The Rite-Aid kept his Rogaine bottles in an anti-theft device. It was not a thick plastic, but if I really wanted to, I would probably need to invest in tools of decent quality or ask an in-store assistant for help. "Excuse me, would you mind off unlocking that annoying plastic device so I can spend $ 52.99 on a bottle of super herbal chemicals that's unlikely to work, and please discreetly please."

No chance. I went out of the automatic door.

It started when I was 25. My friend Steve pointed to my temples and laughed, "Look, you're getting thinner!" I armed him stiffly, but a shot of adrenaline shot through my body. That night, I examined my hairline in the bathroom mirror. Did it happen?

Dark, curly hair was one of my defining traits, so much so that my friends ripped me because it could plunge into a white Afro man. After Steve's comment, I was able to convince myself for a few days that it was not true ̵

1; he just wanted to scare me. Over time, however, it became indisputable: hair clogged the shower drain, the strange sunburn on my scalp, less friction when I applied shampoo … I had a bald head.

If you are not struggling with hair loss, I have two things to say:

You're in luck.

I curse you gently every morning when I look in the mirror.

Balding sucks. I still have an existential identity crisis when I think I'm bald. However, after losing hair every day for the last six years, I had a minute to think about the strangely dark phenomenon that makes a scalp glow in the morning sun.

The progression of baldness is demoralizing. But is there a silver background to a receding hairline?

I'm not sure, but here are some insights I got from my slow, ongoing battle with hair loss:

1. Surely you recognize your own mortality more.

As an active, healthy and fit former athlete, hair loss detection was pretty much the first time I really met that I would not live forever. Despite 25 years on a planet plagued with disease and forest fires, I still thought I was invincible. The realization shook me. I was actually – wheeze – aging .

How could my genes have betrayed me? How long does it take for the rest of my physical debility to be shut down forever like my boring hair follicles? I stood in front of the mirror and saw a movie in which my body quickly discolored, my hair went from gray to white and no longer existed, my learned cheeks sank into a pair of papery cheeks, and my half-muscular chest and shoulders shrank southward a round belly that sticks out over my waistline … now it's clear that I'm going to die, and the bald head is my memento when I look in the mirror.

I do not like it, but I feel a step Closer to the Grim Reaper motivates me to live well in the present. It reminds me to enjoy my relatively youthful skin while I still have it, and to explore life here and now.

. 2 You have to put up with your superficiality.

Sure, I know that I'm in vain – we're all there. But when I lost my hair, I realized that I was desperate almost irrevocably chained to the ideals of our culture of traditional beauty. Throughout high school and college, I was a decent-looking guy. I never modeled clothes or whatever, but my appearance gave me confidence. It contradicted my social fears and calmed my ego.
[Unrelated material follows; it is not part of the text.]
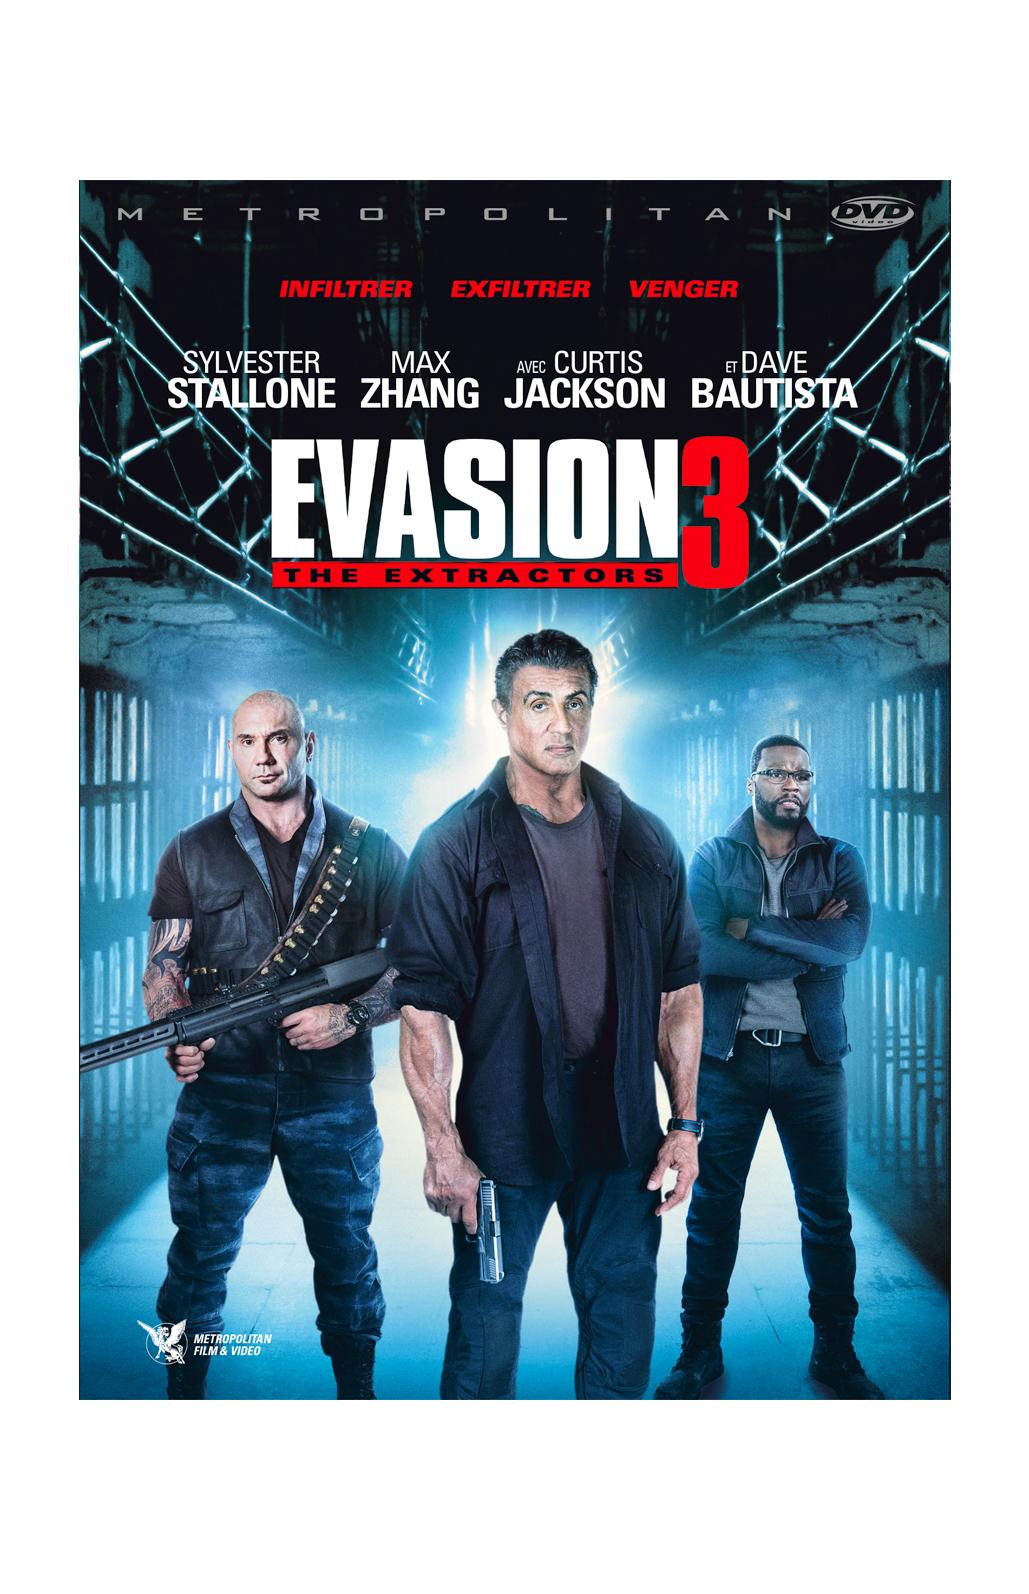 Evasion 3 streaming

How could I meet important meetings and make appointments with a lame buzz-cut that highlighted my ears? People would see that I was weak, and at the very end of my being, I was struck by a glaring imperfection! With new interest, I looked at hats through shop windows. I rationalized the Toupees: They are exactly the same as women's make-up, right? It annoyed me. I did not want to live a life without a perfect hairline.

The excited thoughts made me realize the extent of my immaturity. Toupees … really? There is my head? The recognition of my deep vanity was necessary: ​​a healthy first step. It has ultimately helped me to go beyond the anxious state in which my self-worth is precariously attached to an impeccable exterior.

. 3 They know that it is meaningless compared to other people.

I knew I sometimes likened myself to other people, but when I became aware of my balding, I suddenly felt physically inferior, especially because I lived in a city like New York, where all people live so damn beautiful Does it hurt. I noticed that I was insecure when I had not felt since middle school and I tried to figure out how far I had settled during the appeals phase. A 6.5? This guy on the train – did I look better or worse than him? A girl who walked swiftly across Union Square without noticing me – could it have looked like if I'd had my college curls?

I stared wistfully at pictures of Jason Statham and wondered how he somehow managed to overcome the pain of hair loss, his angular jaw and his evil celebrity. How could I still compare myself to the level of beauty and vitality that flowed through me daily on the sidewalks of the city?

I compensate in other areas, and not necessarily those born from a deep well of self-love: whitening teeth, experimenting with flattering facial hair, developing more beach muscles on my shoulder, dressing better. And although it is not wrong to have a little self esteem, I find out that I have to leave the comparator hamster. I must remember that working out and choosing my morning attire can become a desperate attempt to mimic others, a strenuous daily effort to validate my relative self-worth in an endless and lost game.

A healthy fight

I've never tried the Rogaine: I do not like balding, but honestly it's probably good for me. It is a necessary wake-up call, an opportunity to overcome myself and focus on character traits and abilities that actually last with age and can even mature. Maybe the average person is not as insane and vain as I am (although I would like to bet that there are many), but for people like me, hair loss can be a positive disease: a healthy catalyst for much needed growth.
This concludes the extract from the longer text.